# WHAT IS REQUIRED
All of the listing below must be repeated word for word. Pictures are the only thing to omit.

# DATA BELOW
● ● ● ●

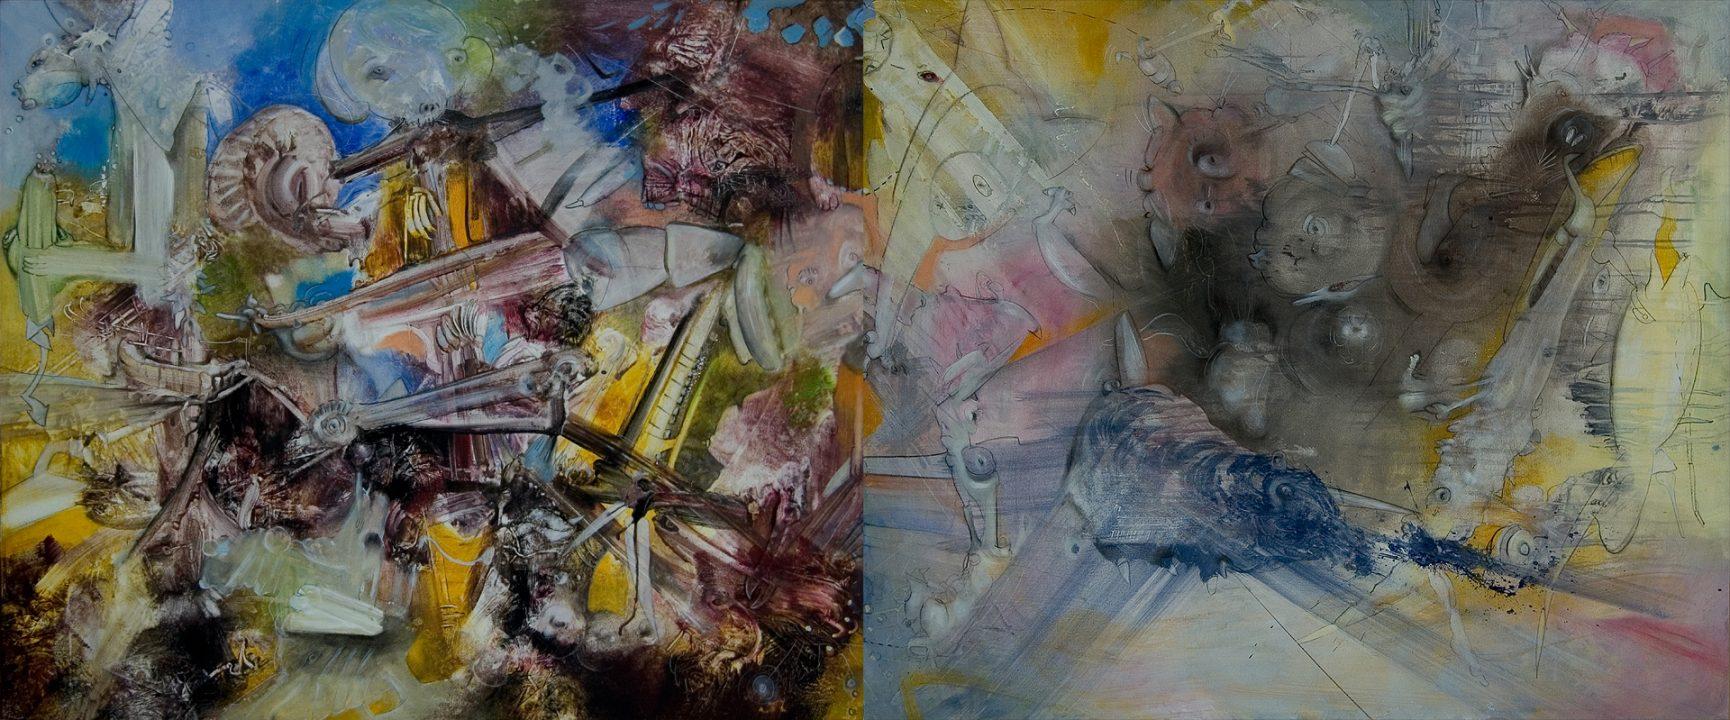 Transition _ 2004 _ Diptychon _ Acryl auf Baumwolle _ 100 x 240 cm
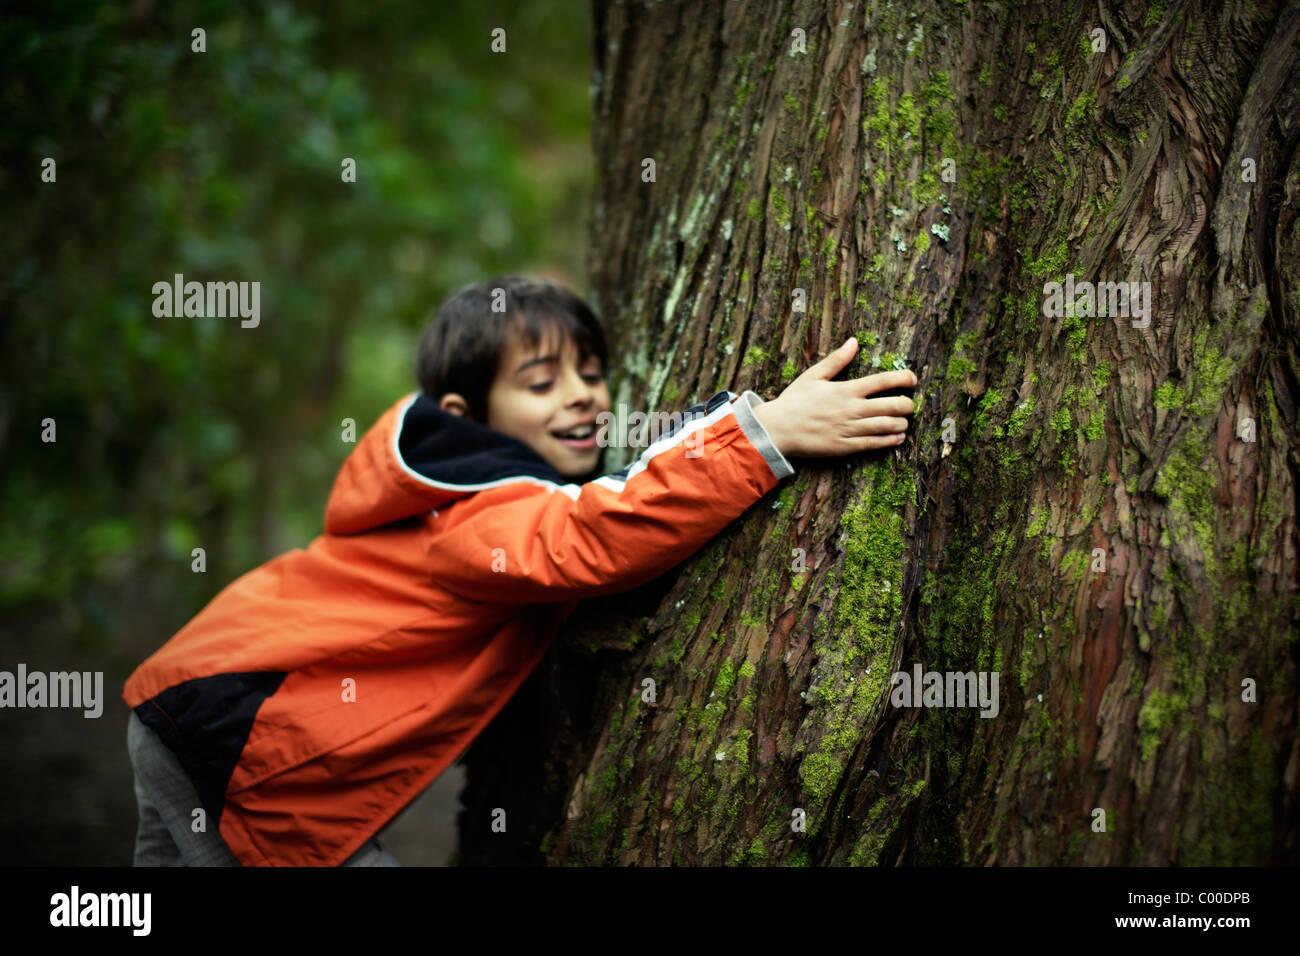 Baum-Liebe. Stockbild
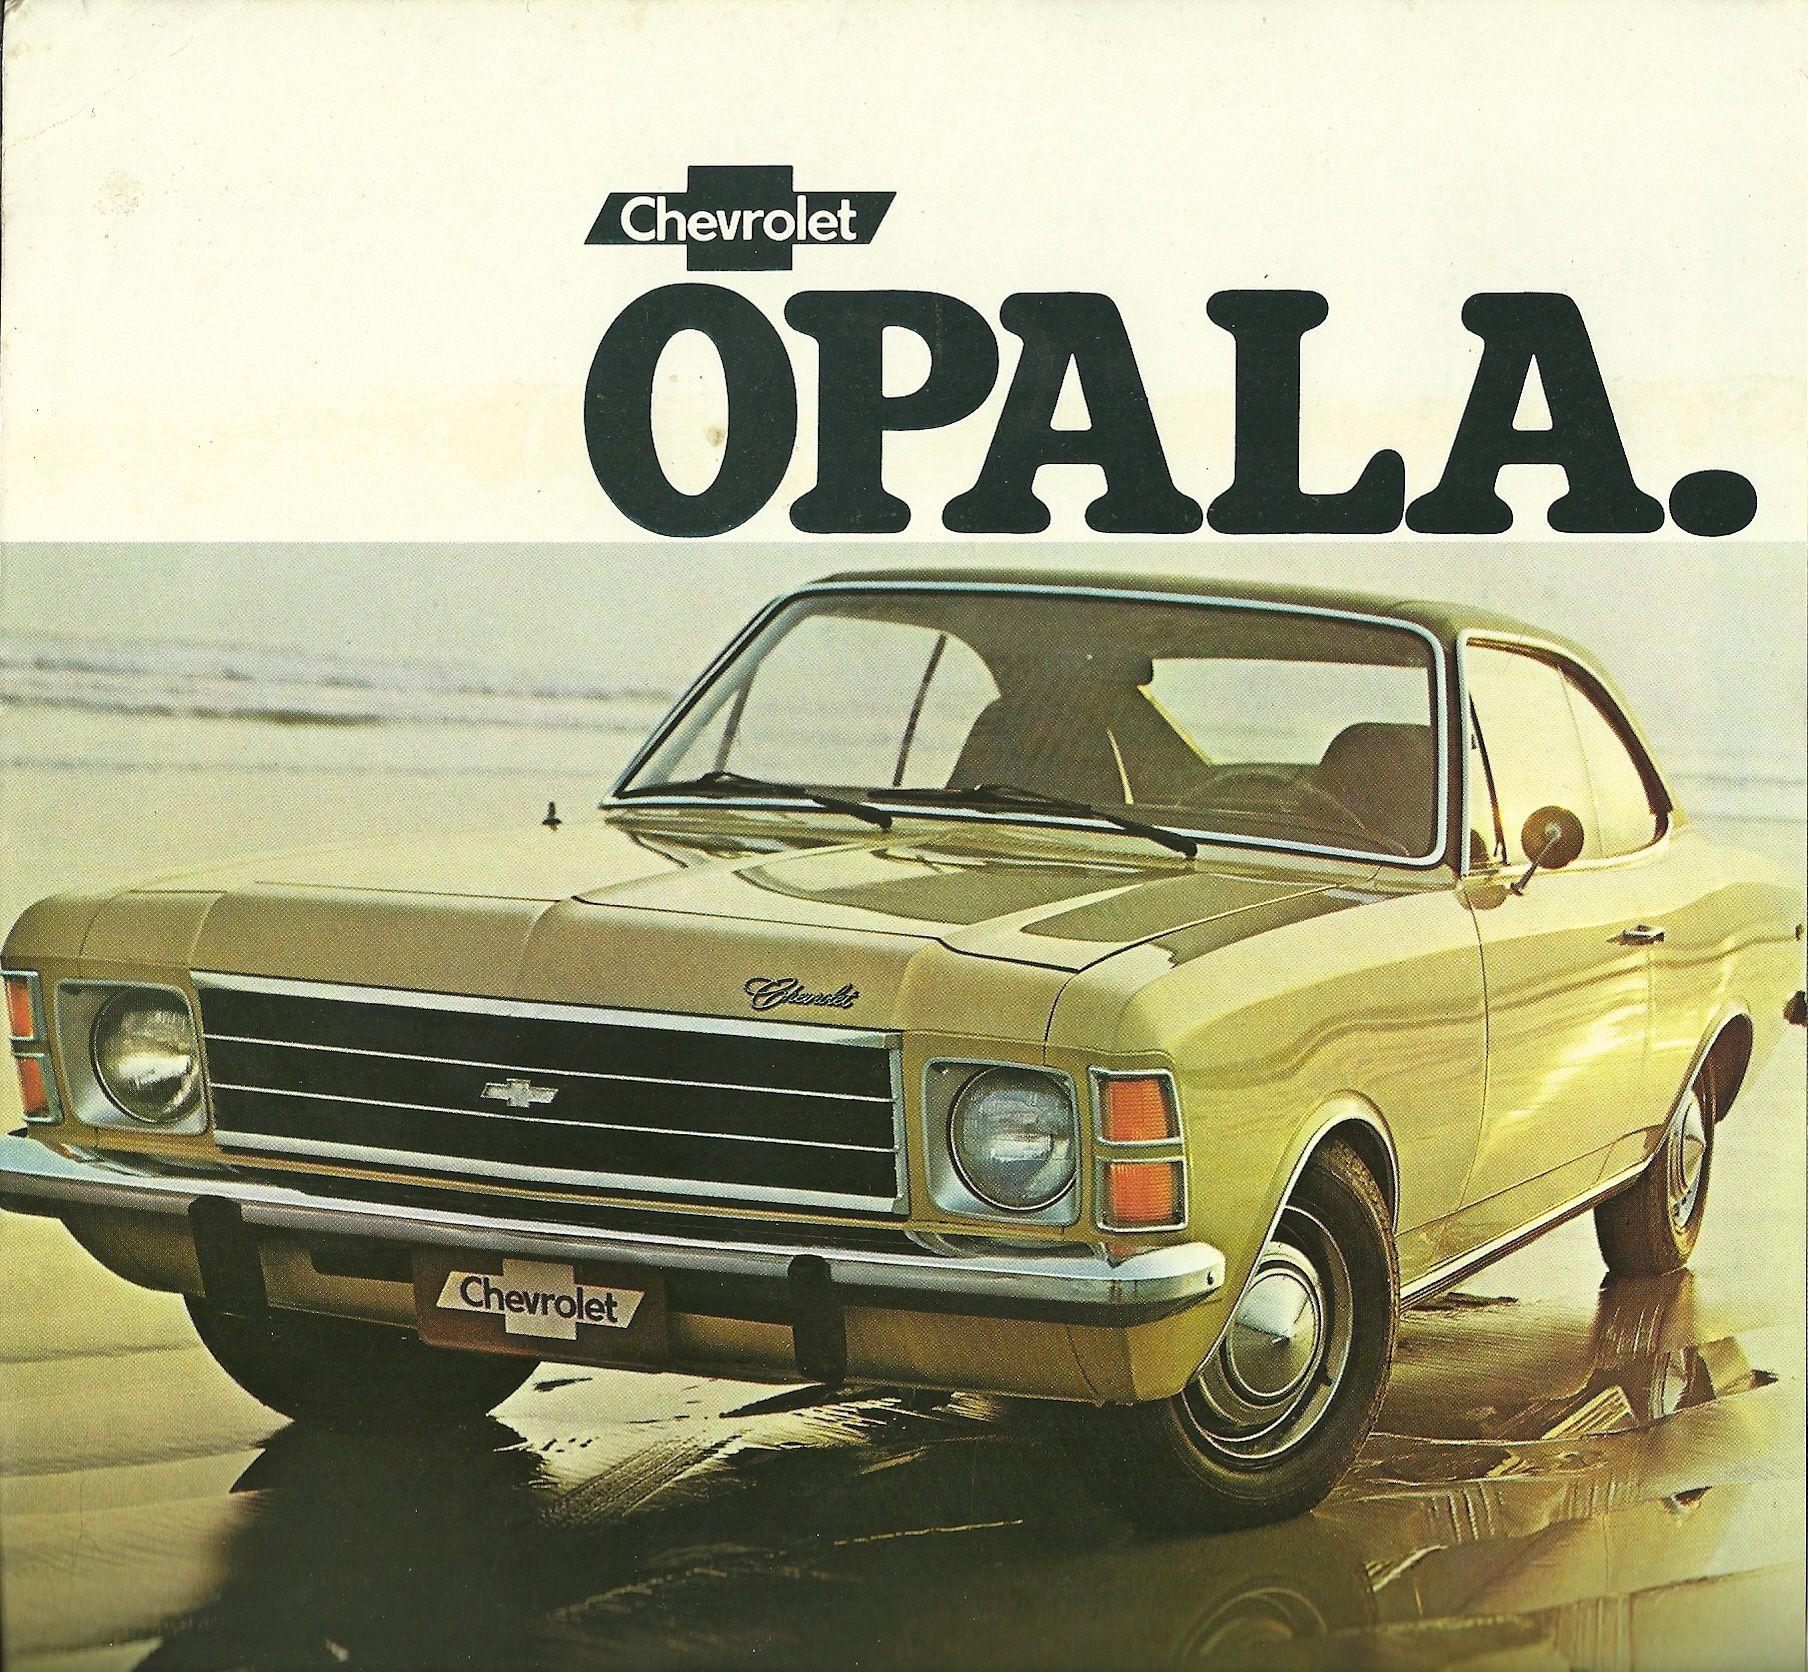 1977 Chevrolet Opala Brasil Desenhos De Carros Desenhos De

● ● ● ●

# RESULT BELOW
 Transition _ 2004 _ Diptychon _ Acryl auf Baumwolle _ 100 x 240 cm
 Baum-Liebe. Stockbild
 1977 Chevrolet Opala Brasil Desenhos De Carros Desenhos De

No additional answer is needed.